While Danish politicians have taken yet another step on an uncertain road that may or may not succeed in stemming the rise of sharia in Denmark, other problems abound, which compound the impression that this initiative will not amount to much more than a symbolic band-aid.

A recent Ph.D. dissertation by Jalal El Derbas, as reported by the Danish newspaper, Berlingske Tidende, shows that in several Danish schools with Arab students, the latter, mainly boys, use Arabic as a means to sexually and racially harass and bully other students as well as their teachers, especially girls, Somalis and ethnically Danish teachers, who do not understand the insults hurled at them in Arabic.

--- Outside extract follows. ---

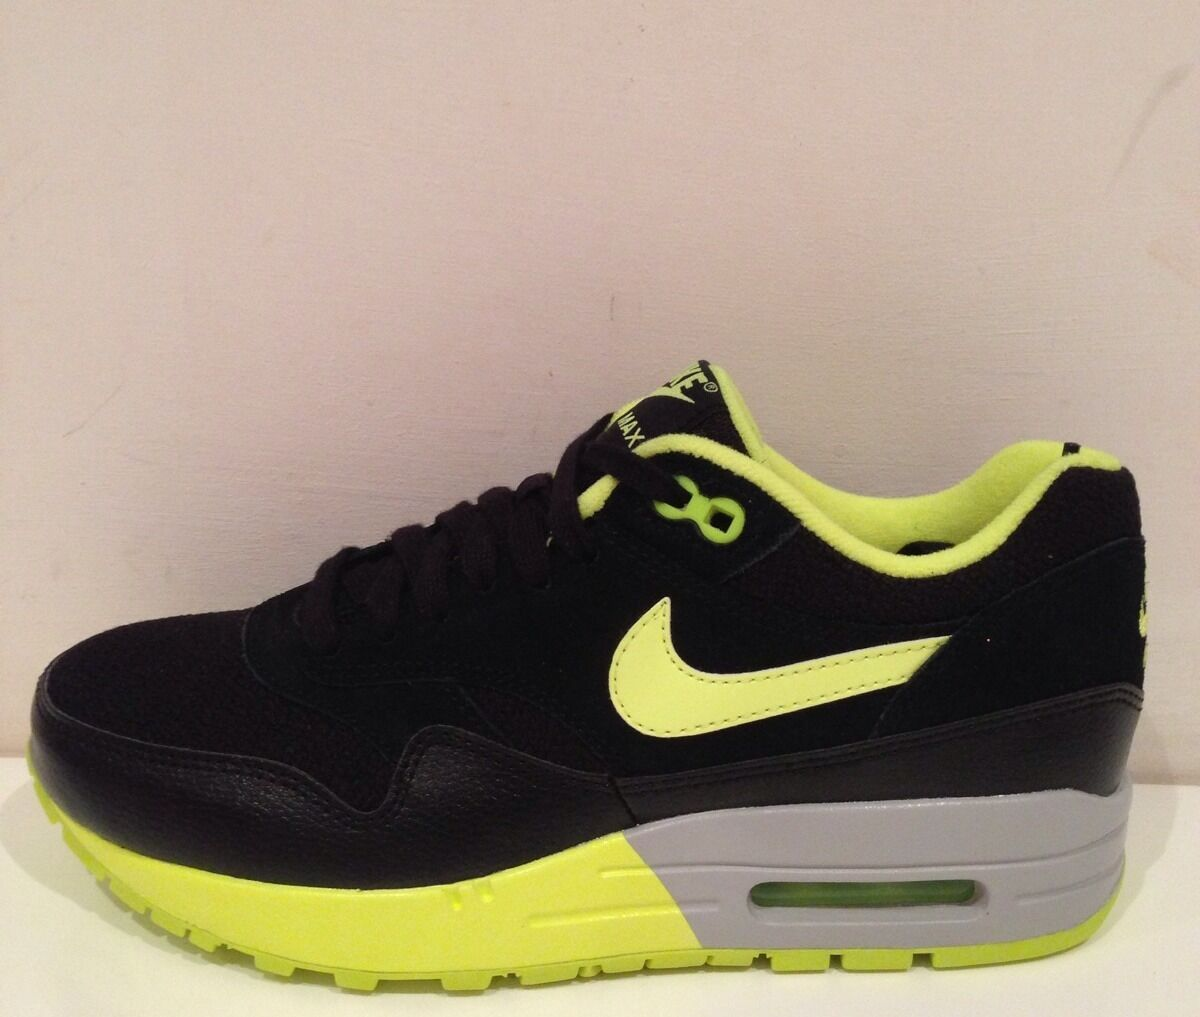 Nike Air Max 1 tamaño 3.5 (Reino Unido) Nuevo Y En Caja

According to the article, El Derbas was shocked when he went through the video footage of 12- and 13-year-olds in two different Danish public schools with a majority of pupils with minority background. The purpose of his Ph.D. was to examine the possible causes of why bilingual boys — who speak both Danish and Arabic — continue to lag behind other Danish students. He wanted to see what those bilingual boys actually do in the classroom. The footage was taken over five months and it displayed a world characterized by hierarchy, sexual and religious harassment, bullying and racism, in which the first language of the students, Arabic, played a central and leading role. According to El Derbas:

“I could see that the students used Arabic as a secret code and they only used it negatively to disturb the schoolwork. If they did not want to do the work, they simply shifted to Arabic. The schools were very flexible and allowed the students to use Arabic both inside and outside the classroom. But all that this freedom accomplished was that the students shifted from Danish to Arabic if they were getting into a fight and if there was a teacher nearby whom they did not want to understand what they were saying.”

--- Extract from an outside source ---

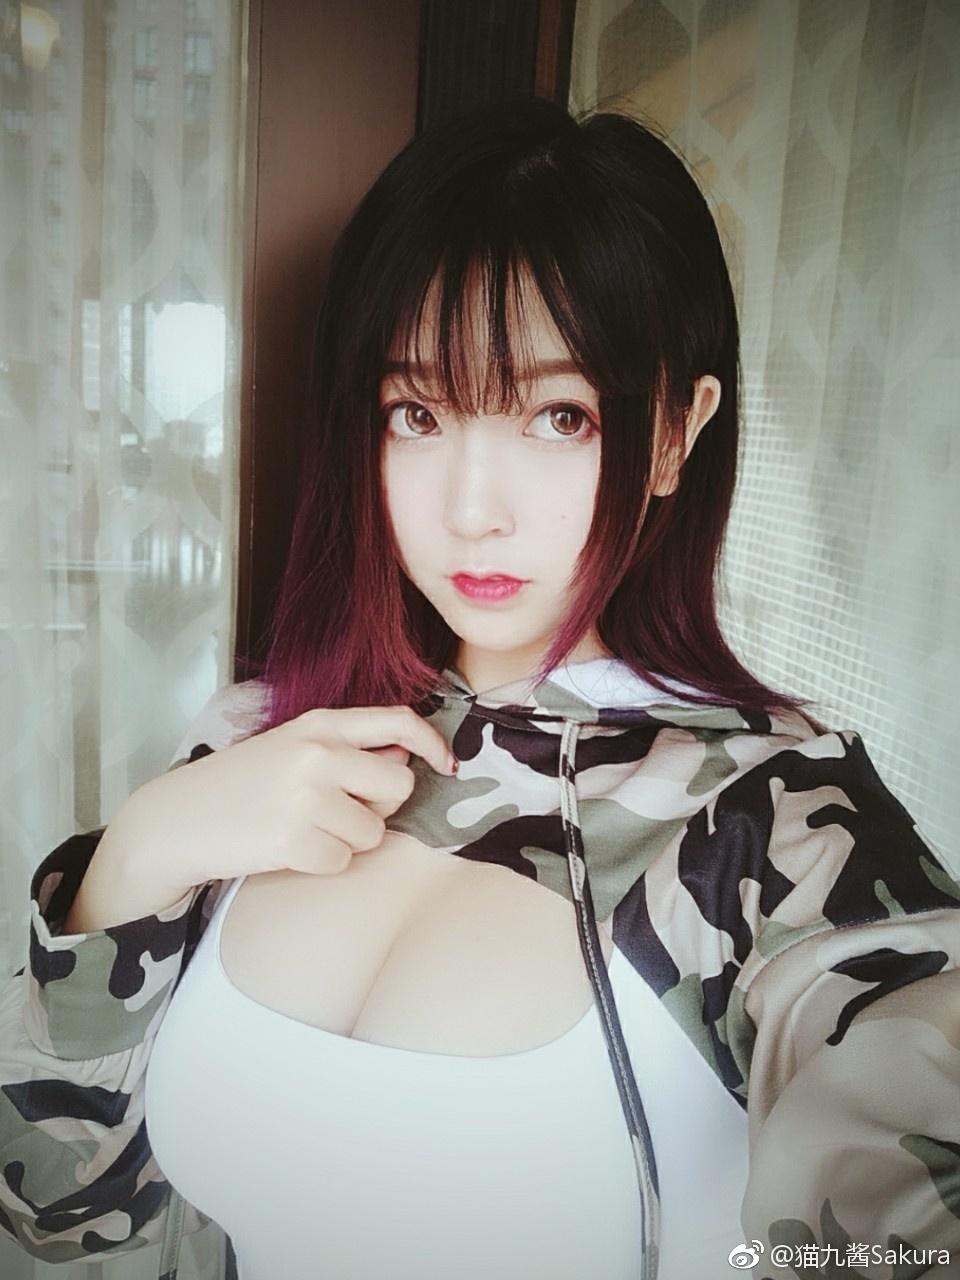 猫九酱Sakurahey~你的猫某人掉了[二哈] _美女福利图片

The video footage also revealed a hierarchy consisting of sexual harassment and racism, because the Arab boys consider themselves higher-ranking than girls and Somali students.

“All the bullying happens in Arabic. All the ugly and mean words are uttered in Arabic. The hierarchy of the Arab boys creates a very violent environment. I have video footage of severe sexual harassment against Arab girls and I have filmed the particularly vile bullying of a Somali boy. You can see the tears in his eyes. They are destroying him; it is very violent.”

According to El Derbas, Sunni and Shia Muslim strife is also imported into the grounds of these Danish schools. With the majority of the boys being Sunni Muslims, they look down on the Shia Muslim students and a teacher who is a Shia Muslim is called “Satan” or “witch”, whereas a Sunni Muslim teacher is addressed courteously as “uncle” or “aunt”. Danish teachers are the least respected, and are spoken of in denigrating and humiliating terms.

El Derbas, stressed that the pupils come from ghetto areas, saying:

“Many of the teachers have given up on engaging the parents in any way, but if this is to change it has to happen through the parents. Maybe it would help if the parents took turns of being present in the classroom to see how their children behave. Most of them [the parents] are not working or studying anyway. I think that could lead to an improvement. Because no parents will accept that their children behave in this manner”.

The results of the dissertation come as no surprise to Lise Egholm, now retired, but who for 18 years, until 2013, was the head of Copenhagen’s Rådmandsgade school, which has many Arab students.

“I am not saying that all the Arab children did ugly things,” says Egholm, “but we witnessed on a regular basis exactly the phenomenon of using derogatory Arabic language towards Somalis and girls… Back then the biggest group of children in the school was Arabic speaking, and the words which in Arabic mean ‘whore’ and ‘f— your mother’ they all knew.”

In a written statement to Berlingske Tidende, Minister of Education, Ellen Trane Nørby, wrote,

“It is never all right to bully, whether this happens in Danish, Arabic, or in a third language. That is why I have initiated a large initiative, which has as its purpose to prevent and combat bullying. The teachers have to signal very strongly that there has to be room for all children and that you have to treat other pupils with respect. If some pupils do not understand this and speak in ‘code language’ or use a language that excludes and bullies other pupils, the schools must intervene. Danish is the language used for teaching in Denmark, and pupils should not be excluded or bullied because of parallel languages in school”.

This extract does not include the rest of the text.